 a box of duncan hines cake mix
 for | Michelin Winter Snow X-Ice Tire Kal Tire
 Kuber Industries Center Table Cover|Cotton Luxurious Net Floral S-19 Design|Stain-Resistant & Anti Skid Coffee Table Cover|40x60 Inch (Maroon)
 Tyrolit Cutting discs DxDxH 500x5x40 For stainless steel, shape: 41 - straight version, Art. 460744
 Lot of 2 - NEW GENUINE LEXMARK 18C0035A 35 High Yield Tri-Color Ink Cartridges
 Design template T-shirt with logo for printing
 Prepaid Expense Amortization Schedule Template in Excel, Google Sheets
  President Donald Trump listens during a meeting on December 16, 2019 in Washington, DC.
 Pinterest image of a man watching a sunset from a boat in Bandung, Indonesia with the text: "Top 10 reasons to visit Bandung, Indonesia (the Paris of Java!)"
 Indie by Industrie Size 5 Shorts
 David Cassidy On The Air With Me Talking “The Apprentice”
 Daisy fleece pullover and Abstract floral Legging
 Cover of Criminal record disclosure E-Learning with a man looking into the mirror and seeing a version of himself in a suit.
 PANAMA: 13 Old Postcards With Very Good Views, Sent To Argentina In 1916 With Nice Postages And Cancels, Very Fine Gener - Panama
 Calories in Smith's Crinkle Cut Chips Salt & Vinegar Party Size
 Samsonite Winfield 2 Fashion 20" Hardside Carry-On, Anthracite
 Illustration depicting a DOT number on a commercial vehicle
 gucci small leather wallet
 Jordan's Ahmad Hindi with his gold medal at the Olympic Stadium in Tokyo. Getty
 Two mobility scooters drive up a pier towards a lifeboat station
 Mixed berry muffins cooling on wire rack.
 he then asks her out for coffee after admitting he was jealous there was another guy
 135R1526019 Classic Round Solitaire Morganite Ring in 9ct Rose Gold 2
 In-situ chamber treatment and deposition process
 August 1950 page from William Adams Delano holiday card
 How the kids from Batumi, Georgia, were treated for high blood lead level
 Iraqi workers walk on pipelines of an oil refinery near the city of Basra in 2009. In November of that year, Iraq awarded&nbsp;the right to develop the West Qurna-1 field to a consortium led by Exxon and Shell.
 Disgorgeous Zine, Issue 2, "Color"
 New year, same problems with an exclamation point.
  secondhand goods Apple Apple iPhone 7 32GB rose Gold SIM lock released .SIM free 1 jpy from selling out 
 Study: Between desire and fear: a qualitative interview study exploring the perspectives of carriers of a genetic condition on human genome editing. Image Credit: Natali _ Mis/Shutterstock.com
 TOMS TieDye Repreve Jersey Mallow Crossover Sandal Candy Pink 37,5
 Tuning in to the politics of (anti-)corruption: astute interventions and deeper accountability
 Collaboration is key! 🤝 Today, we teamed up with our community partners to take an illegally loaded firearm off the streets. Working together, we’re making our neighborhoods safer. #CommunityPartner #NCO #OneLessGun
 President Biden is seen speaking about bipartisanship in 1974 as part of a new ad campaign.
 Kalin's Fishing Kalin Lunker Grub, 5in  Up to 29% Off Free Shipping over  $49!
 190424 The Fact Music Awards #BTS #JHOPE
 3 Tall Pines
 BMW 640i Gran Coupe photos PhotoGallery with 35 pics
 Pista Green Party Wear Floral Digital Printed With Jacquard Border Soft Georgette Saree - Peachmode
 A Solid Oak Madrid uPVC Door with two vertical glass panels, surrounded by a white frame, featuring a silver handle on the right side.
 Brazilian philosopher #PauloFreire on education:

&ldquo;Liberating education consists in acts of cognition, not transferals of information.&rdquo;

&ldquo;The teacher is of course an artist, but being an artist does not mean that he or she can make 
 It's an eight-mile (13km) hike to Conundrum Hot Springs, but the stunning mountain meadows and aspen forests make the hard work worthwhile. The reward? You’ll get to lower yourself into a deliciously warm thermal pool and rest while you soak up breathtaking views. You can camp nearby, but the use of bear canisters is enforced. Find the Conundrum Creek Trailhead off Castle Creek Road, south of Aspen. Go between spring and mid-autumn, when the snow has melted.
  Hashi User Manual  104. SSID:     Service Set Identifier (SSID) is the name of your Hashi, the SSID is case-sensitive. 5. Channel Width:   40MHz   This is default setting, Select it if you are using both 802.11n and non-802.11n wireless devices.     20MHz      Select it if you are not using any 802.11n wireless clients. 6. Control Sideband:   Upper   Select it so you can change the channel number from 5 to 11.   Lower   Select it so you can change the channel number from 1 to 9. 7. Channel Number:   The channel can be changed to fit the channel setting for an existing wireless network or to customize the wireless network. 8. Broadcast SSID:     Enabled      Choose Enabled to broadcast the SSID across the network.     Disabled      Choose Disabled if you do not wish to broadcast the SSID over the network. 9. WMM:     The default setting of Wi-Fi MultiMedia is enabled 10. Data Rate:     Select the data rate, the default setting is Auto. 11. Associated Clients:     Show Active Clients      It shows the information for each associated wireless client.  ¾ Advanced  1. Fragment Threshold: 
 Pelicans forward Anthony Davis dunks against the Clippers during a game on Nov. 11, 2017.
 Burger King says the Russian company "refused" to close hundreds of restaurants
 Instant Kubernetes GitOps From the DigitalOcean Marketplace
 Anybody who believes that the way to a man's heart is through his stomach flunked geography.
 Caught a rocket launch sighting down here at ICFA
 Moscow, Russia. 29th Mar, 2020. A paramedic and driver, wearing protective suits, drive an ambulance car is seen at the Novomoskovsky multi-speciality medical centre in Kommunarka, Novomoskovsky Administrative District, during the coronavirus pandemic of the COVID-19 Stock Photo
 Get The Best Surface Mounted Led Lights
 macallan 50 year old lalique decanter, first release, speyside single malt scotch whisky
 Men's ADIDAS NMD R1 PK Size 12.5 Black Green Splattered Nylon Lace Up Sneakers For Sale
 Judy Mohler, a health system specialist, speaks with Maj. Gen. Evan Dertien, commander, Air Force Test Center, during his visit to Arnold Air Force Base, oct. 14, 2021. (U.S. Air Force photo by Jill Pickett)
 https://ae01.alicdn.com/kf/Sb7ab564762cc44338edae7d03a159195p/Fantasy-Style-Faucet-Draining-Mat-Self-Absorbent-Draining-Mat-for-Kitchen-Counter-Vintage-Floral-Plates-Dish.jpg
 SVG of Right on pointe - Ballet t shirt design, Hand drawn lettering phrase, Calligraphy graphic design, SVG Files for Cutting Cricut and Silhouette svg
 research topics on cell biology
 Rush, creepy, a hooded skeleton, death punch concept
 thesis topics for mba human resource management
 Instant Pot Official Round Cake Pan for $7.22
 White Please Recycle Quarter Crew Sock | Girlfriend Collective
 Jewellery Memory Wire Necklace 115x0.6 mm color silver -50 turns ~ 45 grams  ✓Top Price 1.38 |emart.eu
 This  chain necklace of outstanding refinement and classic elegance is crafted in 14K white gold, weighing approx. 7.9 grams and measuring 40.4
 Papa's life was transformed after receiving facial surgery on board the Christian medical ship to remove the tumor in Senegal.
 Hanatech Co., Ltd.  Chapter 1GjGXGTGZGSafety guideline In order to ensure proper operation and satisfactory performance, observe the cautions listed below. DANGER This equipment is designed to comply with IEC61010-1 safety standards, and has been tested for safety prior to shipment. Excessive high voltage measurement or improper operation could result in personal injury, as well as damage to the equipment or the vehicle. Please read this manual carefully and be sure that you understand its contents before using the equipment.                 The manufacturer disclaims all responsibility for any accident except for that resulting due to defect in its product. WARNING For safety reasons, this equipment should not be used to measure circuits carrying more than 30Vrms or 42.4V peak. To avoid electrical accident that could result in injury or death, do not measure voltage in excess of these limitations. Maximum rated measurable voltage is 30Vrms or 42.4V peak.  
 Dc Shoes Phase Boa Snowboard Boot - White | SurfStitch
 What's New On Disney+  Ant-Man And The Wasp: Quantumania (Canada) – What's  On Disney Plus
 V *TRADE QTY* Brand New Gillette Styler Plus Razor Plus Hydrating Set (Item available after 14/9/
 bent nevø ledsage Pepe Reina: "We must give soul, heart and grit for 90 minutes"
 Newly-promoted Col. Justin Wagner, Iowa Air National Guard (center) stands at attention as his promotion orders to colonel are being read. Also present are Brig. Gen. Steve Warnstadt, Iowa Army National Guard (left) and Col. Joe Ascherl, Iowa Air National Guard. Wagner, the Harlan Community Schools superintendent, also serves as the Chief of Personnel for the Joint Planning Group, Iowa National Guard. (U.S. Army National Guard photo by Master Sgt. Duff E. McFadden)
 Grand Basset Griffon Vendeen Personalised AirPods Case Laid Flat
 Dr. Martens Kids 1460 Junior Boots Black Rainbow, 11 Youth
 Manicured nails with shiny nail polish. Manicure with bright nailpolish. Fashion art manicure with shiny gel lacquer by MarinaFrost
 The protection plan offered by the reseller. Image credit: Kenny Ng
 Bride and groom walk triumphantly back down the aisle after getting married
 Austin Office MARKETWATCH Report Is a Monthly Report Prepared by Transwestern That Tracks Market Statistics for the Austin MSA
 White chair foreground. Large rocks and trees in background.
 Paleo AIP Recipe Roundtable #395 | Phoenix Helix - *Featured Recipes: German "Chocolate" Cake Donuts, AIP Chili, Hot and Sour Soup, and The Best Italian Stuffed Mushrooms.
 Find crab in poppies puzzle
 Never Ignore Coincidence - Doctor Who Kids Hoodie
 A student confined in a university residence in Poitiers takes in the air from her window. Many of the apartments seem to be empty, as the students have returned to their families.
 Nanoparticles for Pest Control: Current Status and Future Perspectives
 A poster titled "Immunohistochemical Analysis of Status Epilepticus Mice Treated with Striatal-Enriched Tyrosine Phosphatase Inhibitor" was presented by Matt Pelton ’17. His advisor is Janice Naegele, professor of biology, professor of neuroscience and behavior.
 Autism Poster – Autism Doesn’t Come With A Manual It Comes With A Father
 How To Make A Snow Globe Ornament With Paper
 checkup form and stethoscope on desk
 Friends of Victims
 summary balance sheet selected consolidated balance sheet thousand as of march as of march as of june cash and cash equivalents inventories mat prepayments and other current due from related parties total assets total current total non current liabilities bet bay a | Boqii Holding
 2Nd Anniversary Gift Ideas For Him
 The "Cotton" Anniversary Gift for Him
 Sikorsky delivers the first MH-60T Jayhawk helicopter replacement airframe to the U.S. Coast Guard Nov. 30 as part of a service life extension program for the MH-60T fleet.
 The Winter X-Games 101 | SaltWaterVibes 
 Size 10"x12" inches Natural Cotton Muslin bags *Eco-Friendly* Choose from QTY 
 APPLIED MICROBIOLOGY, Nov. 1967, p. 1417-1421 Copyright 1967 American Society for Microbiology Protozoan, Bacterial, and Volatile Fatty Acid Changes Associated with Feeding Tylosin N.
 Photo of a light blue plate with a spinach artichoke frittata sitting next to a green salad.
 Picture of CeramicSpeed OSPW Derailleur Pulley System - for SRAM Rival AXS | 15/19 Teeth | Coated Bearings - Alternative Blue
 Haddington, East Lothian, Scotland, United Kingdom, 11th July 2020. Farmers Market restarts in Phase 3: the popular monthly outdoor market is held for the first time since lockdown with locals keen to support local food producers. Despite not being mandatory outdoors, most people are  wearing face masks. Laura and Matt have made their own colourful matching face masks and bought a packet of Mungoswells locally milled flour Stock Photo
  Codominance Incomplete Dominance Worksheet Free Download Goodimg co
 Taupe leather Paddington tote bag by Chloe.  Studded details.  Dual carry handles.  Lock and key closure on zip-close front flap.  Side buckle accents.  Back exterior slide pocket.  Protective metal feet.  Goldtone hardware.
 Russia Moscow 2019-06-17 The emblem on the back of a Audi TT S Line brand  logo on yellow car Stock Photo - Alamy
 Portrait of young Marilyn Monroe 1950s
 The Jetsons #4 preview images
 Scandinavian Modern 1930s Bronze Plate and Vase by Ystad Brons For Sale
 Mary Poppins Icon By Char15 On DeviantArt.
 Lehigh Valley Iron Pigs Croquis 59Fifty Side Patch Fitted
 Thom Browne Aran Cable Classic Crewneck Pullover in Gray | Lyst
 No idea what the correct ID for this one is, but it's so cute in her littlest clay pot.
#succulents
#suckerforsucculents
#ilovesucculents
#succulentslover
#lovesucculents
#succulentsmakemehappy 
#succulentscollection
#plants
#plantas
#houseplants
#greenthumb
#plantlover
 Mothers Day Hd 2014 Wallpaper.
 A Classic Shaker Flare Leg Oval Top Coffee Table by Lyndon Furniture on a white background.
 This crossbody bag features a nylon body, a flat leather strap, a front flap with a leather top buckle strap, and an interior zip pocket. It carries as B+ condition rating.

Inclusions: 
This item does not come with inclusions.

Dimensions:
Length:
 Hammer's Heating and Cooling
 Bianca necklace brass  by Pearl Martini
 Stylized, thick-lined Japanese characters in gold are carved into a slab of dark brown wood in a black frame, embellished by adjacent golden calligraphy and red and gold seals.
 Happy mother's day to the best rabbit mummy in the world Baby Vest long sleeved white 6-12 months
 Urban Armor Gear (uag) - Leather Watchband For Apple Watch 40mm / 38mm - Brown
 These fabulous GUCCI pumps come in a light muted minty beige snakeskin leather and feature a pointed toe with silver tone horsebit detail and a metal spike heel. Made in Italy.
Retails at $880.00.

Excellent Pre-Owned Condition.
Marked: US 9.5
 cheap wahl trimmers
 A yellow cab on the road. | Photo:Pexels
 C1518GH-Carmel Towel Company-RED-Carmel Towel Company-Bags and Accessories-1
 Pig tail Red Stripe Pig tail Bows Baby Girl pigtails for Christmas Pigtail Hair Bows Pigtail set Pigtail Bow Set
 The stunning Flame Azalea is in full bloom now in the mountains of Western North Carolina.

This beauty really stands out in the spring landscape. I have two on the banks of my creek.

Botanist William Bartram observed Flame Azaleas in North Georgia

▸ **Task requirements**: What you return must be an exact retyping of the lines above starting at the line with "Manicured nails with" and ending at the line with "White chair foreground.", and nothing besides.

▸ **Your solution**:
 Manicured nails with shiny nail polish. Manicure with bright nailpolish. Fashion art manicure with shiny gel lacquer by MarinaFrost
 The protection plan offered by the reseller. Image credit: Kenny Ng
 Bride and groom walk triumphantly back down the aisle after getting married
 Austin Office MARKETWATCH Report Is a Monthly Report Prepared by Transwestern That Tracks Market Statistics for the Austin MSA
 White chair foreground. Large rocks and trees in background.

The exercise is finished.